Breast Augmentation: Fat Injection or Silicone? – Mythbuster Monday

You may remember a couple of months ago when we discussed the difference between fat and artificial facial injections. Just like artificial fillers are better for longevity and satisfaction—silicone breast implants are better than fat injections for breast augmentation. However, there are situations where fat augmentation can be used in conjunction with silicone implants, such as a breast reconstruction after a mastectomy.

Fat Augmentation of the Breasts is Risky

Fat augmentation of the breasts seems like a great idea because it’s a “natural” procedure, but the risks outweigh the benefits. Often called “stem cell breast augmentation,” neither the safety nor efficacy of this procedure is supported by scientific evidence. The American Society of Plastic Surgeons commissioned a taskforce in 2011 to examine the scientific support of stem cell use, and concluded that there is not enough evidence to fully support the procedure.

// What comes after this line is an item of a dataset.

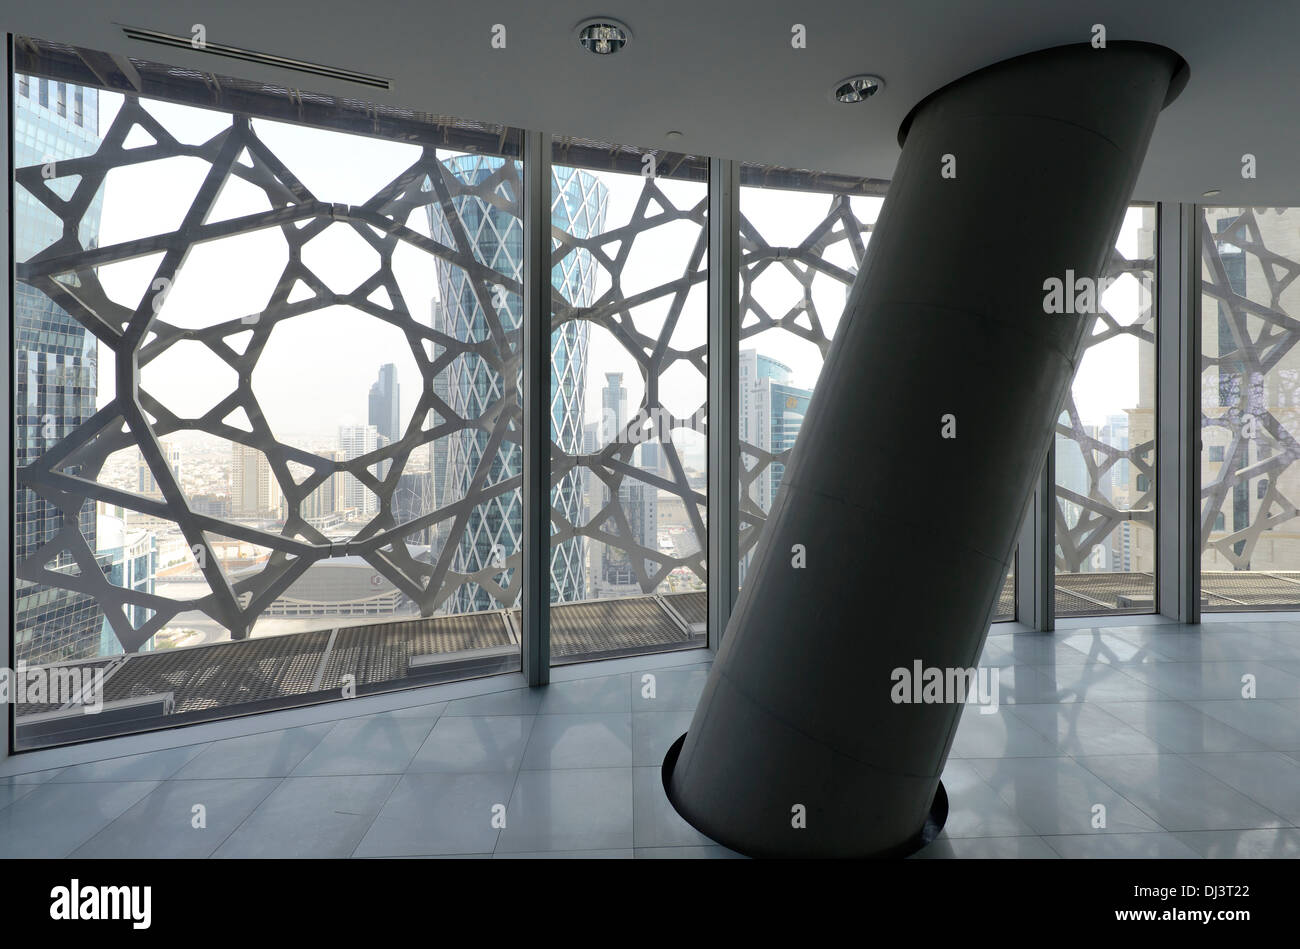 Burj Tower in Doha, Katar Doha, Qatar. Architekt: Ateliers Jean Nouvel, 2012. Überblick über typische Etage. Stockfoto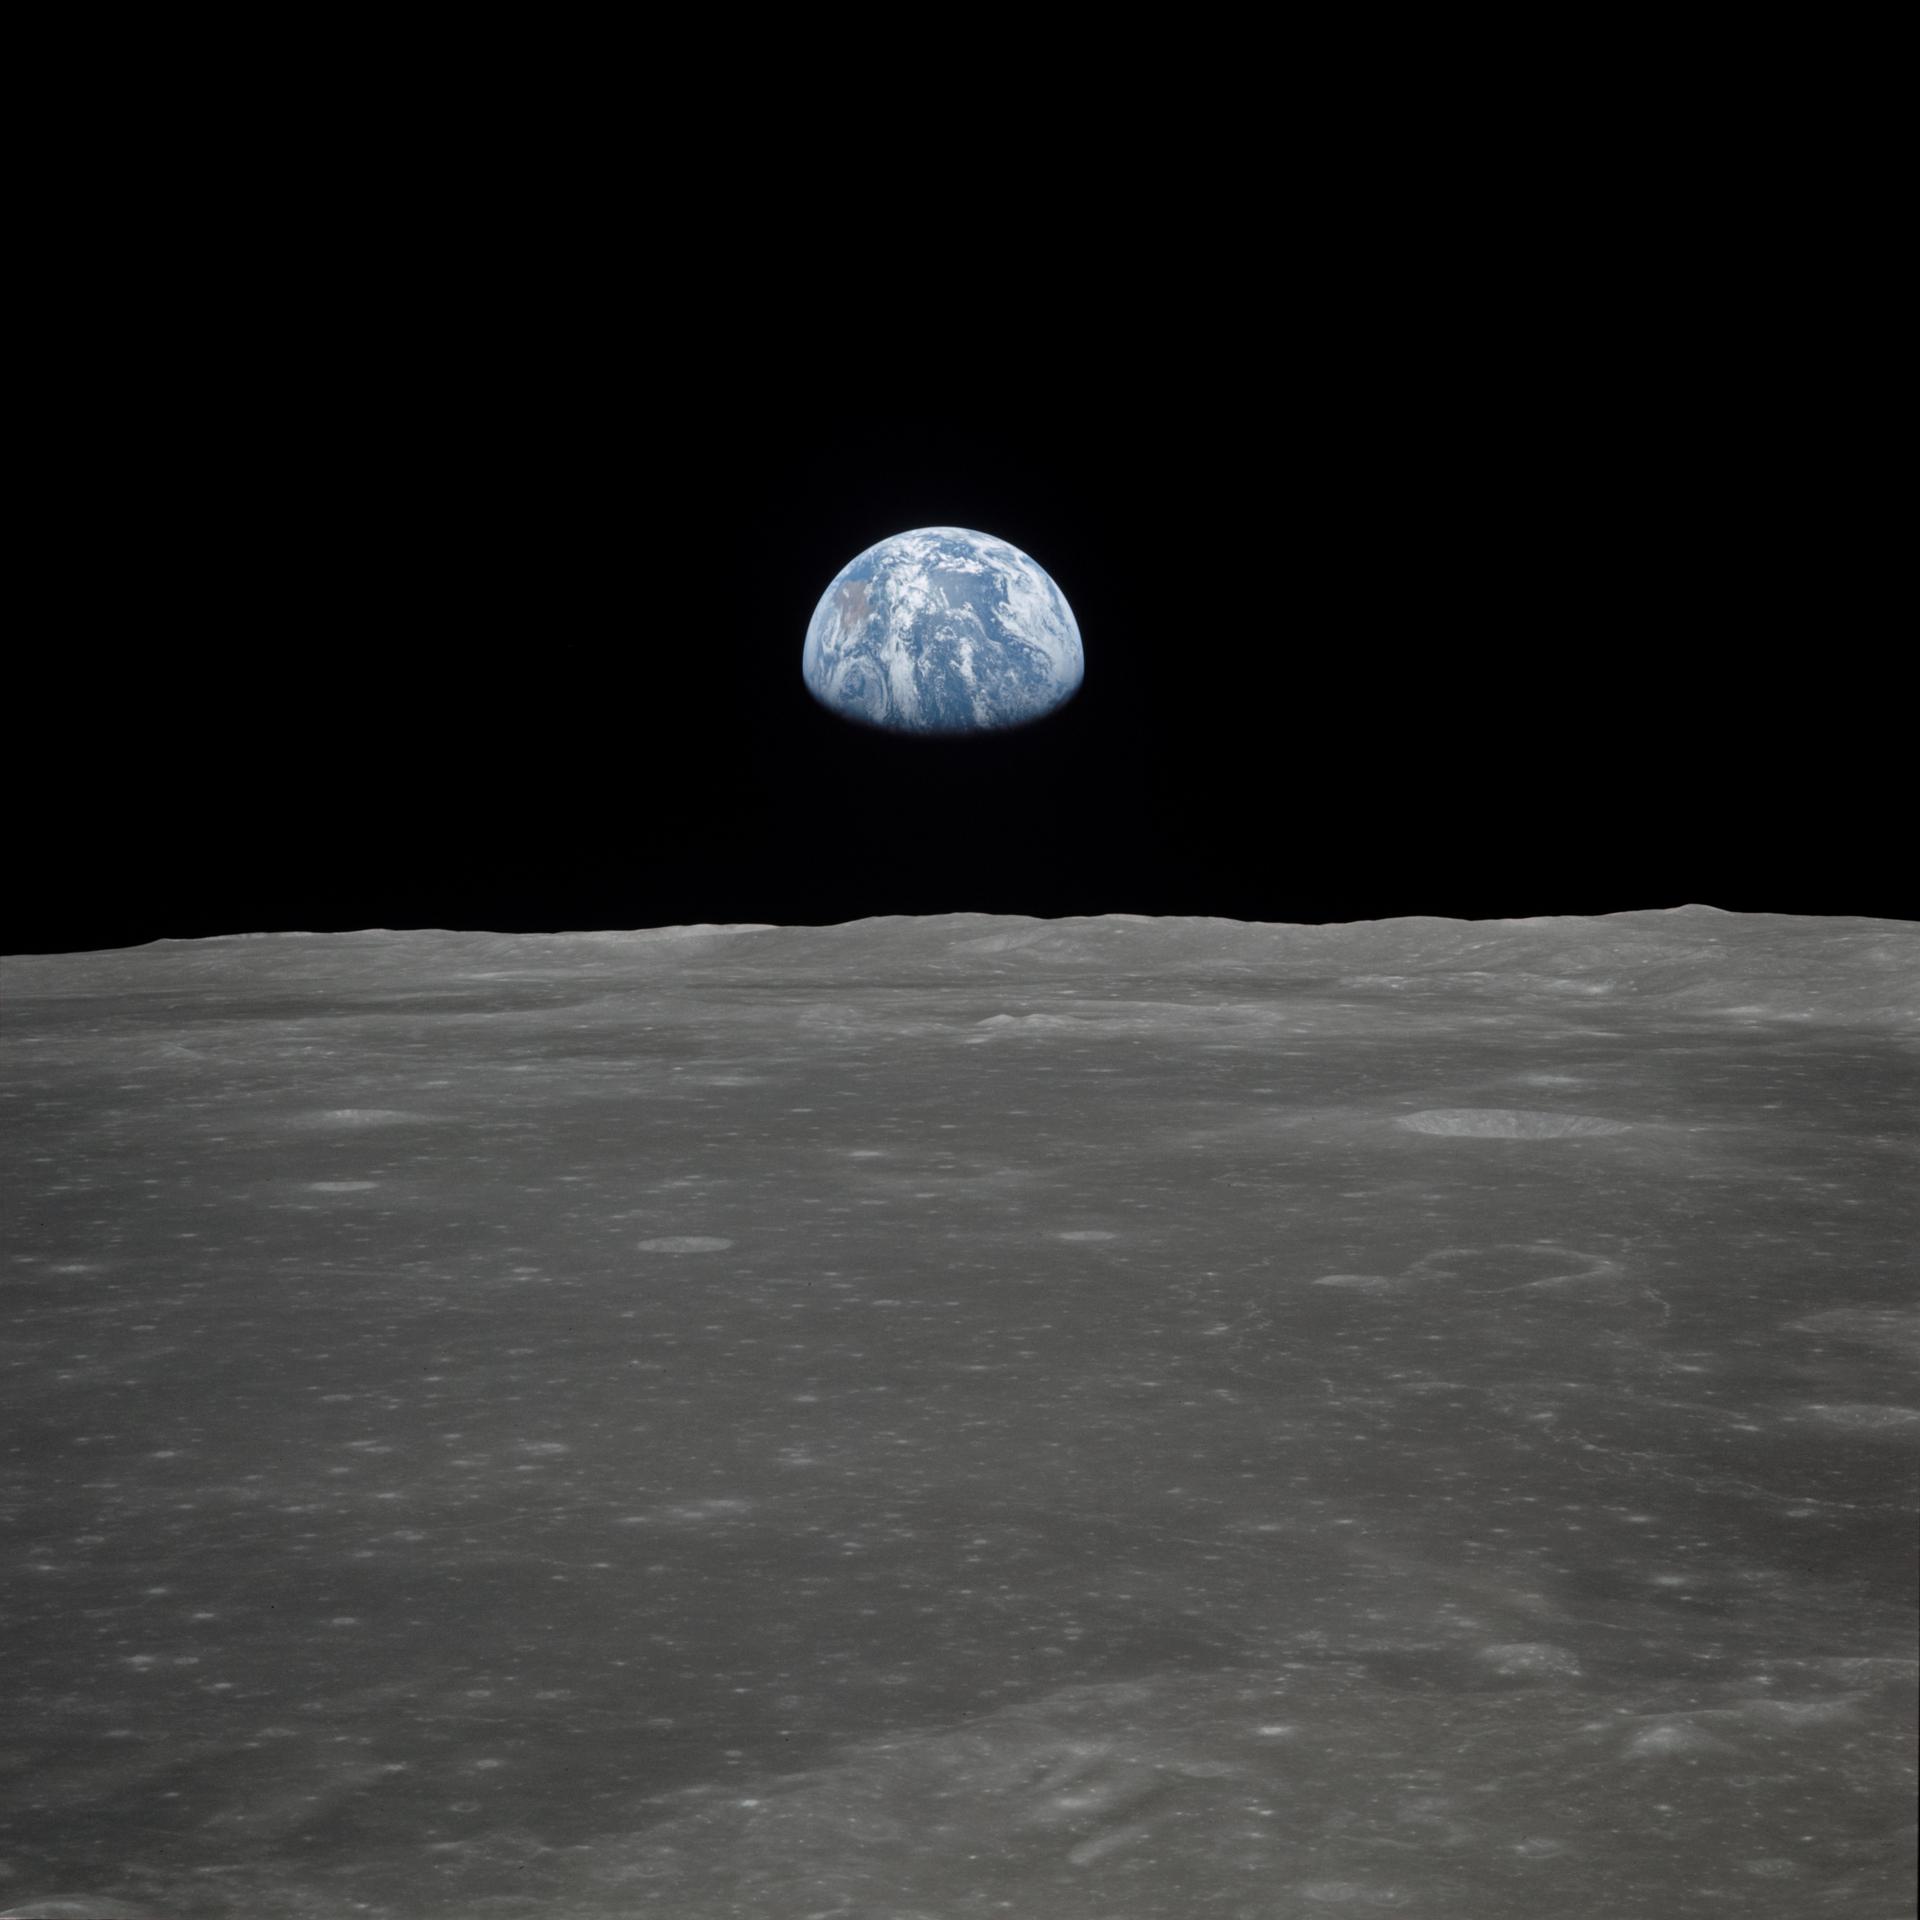 Earth seen from the Apollo 11 lunar module, descending to the Moon. Credit: CSIRO

The negatives of fat augmentation lie in both the procedure and the outcome. Most people who opt for a fat augmentation procedure don’t realize it requires two procedures – one to remove the fat from some other area of the body, and one to inject that fat into the breasts. Because this method requires surgery on two different areas, overall healing time increases.

The outcome of a breast augmentation by fat injection is extremely unpredictable because of the nature of fat cells. Fat cells need high blood flow to survive, and if there isn’t enough blood, the body reabsorbs the cells. Since there is a potential for reduced blood supply, fat augmentation is risker for women who desire a 2-3 cup size increase.  In the best circumstances, the breast will retain around one cup size worth of fat. There is also a risk of asymmetry because of varying absorption rates between the left and right sides.

Fat Augmentation for Post-Mastectomy Reconstruction

During a mastectomy, many times the surgeon has to remove skin, fat and the nipple. Because of this, if the reconstruction only includes a silicone implant, the edges of the implant can be seen. This also can cause ridges in the upper pole of the breast (the part of the breast above the nipple, on the chest wall).

Using a combination of fat augmentation of the breast and a silicone implant, a post-mastectomy reconstruction can look more natural and full. Fat injections will make the breast look softer by filling in the space where the edges and ripples would normally be seen.

Silicone Implants are the Better Choice

Beginning in the 60s, there were concerns about silicone breast implants because of the risk of leaking. In 1992, the FDA halted the sale of silicone implants while more research and improvements were made. After over 10 years of experimentation and improvements, the FDA began supporting silicone implants in 2006 because developments in technology made them safer.  New silicone implants have stronger shells and the gel used inside the implants is a type of “memory gel” that doesn’t leak out of the implant if that shell is compromised. Most silicone implants have a lifetime warranty as well.

A silicone breast implant procedure takes only one hour, and the healing time is less than the fat harvesting/augmentation procedures. Not only is the procedure much less stressful on your body, but the efficacy of silicone implants is predictable. In conclusion, it is clear that silicone implants are a better choice TODAY than fat augmentation injections. As there is more understanding of fat cells and their survival in the future, fat augmentation may become the best option — but we are not there yet. Of course, a board certified physician’s discernment should be considered when making any sort of surgery decision. If you are considering breast augmentation, Dr. Panchal is happy to meet with you and help you choose the right type and size for your body.

Source:

Eaves, F., Haeck, P., & Rohrich, R. (2011). ASAPS/ASPS Position Statement on Stem Cells and Fat Grafting. Plastic and Reconstructive Surgery, 285-287.